[Date Prev][Date Next][Thread Prev][Thread Next][Date Index][Thread Index]

[Condor-users] (no subject)



Hi,
I found a message posted way back in condor-users group by Bruce Beckles.. but no body seemed to have replied to these questions. I have similar queries
in my mind that I need to use for a user job wrapper that I have written. If anybody could put some light on any of these questions.. it will be helpful for me big time.
The questions are as follows -

"- If a user uses the kill_sig command in their submit description
file, does Condor (a) check the value given to ensure it is a valid
signal, and (b) restrict that value in any way (for instance, it doesn't
make sense for it to be SIGSTOP (23))?

- Scouring the manual I've discovered the following settings that affect
how long Condor will wait before escalating its attempt to stop the
job/its daemons:
KILLING_TIMEOUT: length of time after starting to vacate job
before a SIGKILL is sent
SHUTDOWN_FAST_TIMEOUT: length of time daemons are given to perform
a fast shutdown before they are killed
outright
SHUTDOWN_GRACEFUL_TIMEOUT: length of time daemons are given to do
a graceful shutdown before they do a
hard shutdown
Are there any other settings affecting this area that I've missed?
What constitutes a "hard shutdown" in this context? Is it just sending
SIGKILL?


- The example init boot script included in the Condor distribution sends a
SIGQUIT to the condor_master to initiate shutdown of Condor. The
comments in this script say:
# send SIGQUIT to the condor_master, which initiates its fast
# shutdown method. The master itself will start sending
# SIGKILL to all it's children if they're not gone in 20
# seconds.

Is this interval of 20 seconds correct (the comments at the top of the
script are dated 1998, so it may have changed since then)? Is this
interval hard-coded, or can it be changed? If it can be changed, how?
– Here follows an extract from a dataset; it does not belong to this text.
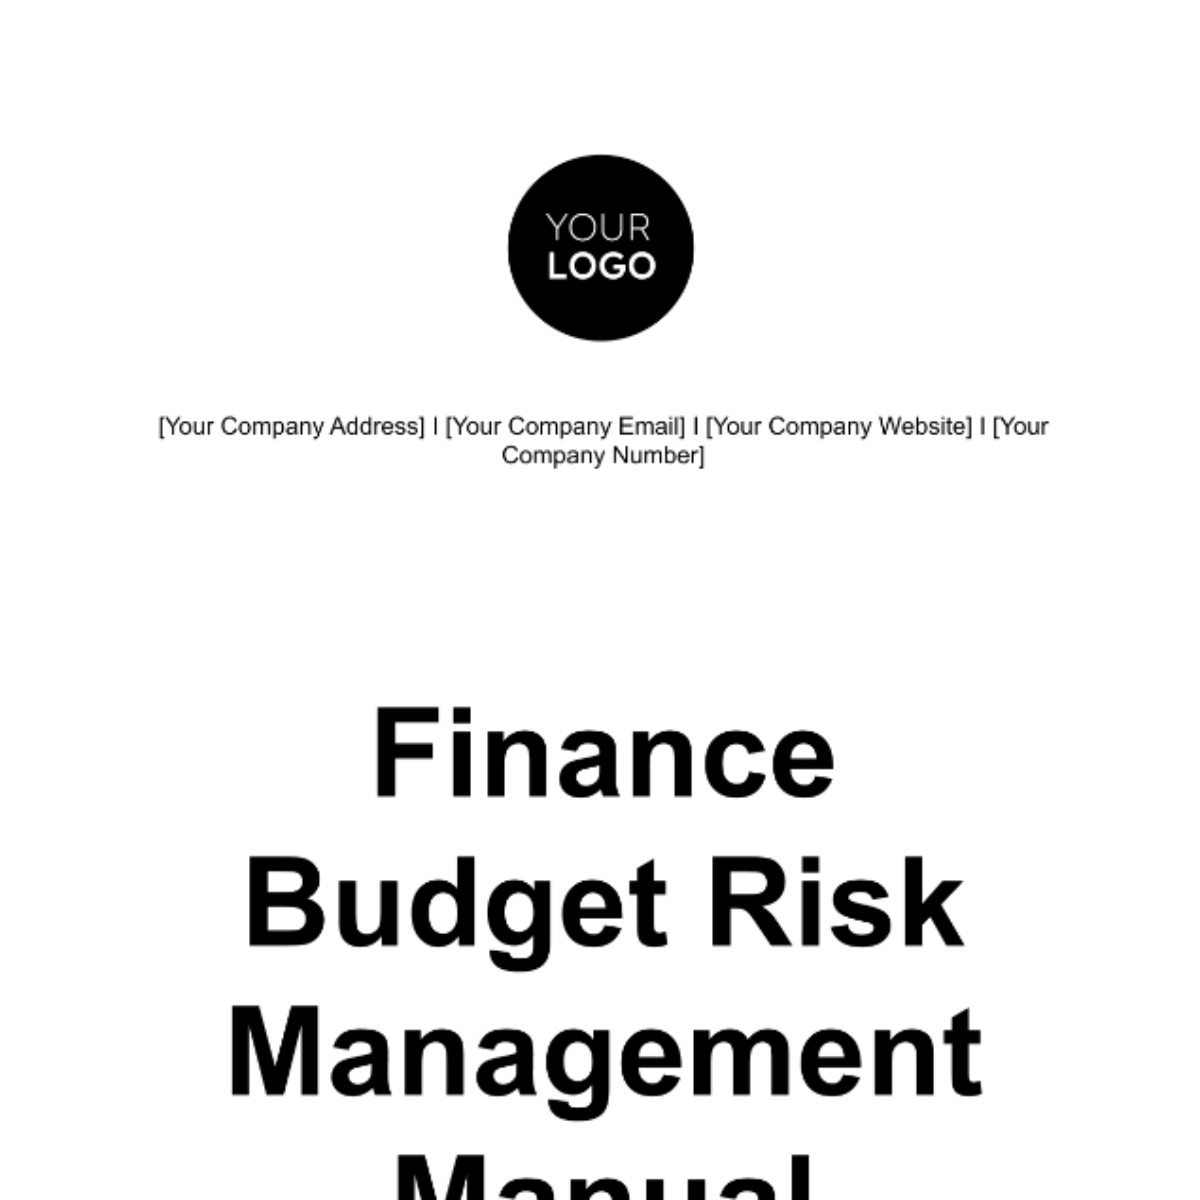 Finance Budget Risk Management Manual Template

- The SIGQUIT, SIGHUP and SIGTERM are all handled by the DaemonCore
library, and so presumably might be sent by a Condor process to a Condor
daemon. Are SIGHUP and SIGQUIT ever sent by Condor to any processes
which are _not_ Condor daemons?


- Condor detects if the job exits via a signal. Suppose my job (J) is
actually just a wrapper for some other program/shell script (P).
Suppose that after spawning P, J just waits for P to terminate and then
exits. IF P exits via a signal, will Condor regard that as the job
exiting via a signal, or will it regard it as "normal termination" (as J
has exited "normally")?


- In the Vanilla, Java, MPI, PVM and Scheduler universes, when Condor
vacates the job gracefully be sending it a SIGTERM (or whatever the
KillSig ClassAd attribute has been set to), does it send this signal
just to the immediate child of the condor_starter, or to all the
processes (if any) spawned by that child as well? "


Thanks,
Tan

--
--
Tanzima Zerin Islam
Graduate Student
School of Electrical & Computer Engineering
Purdue University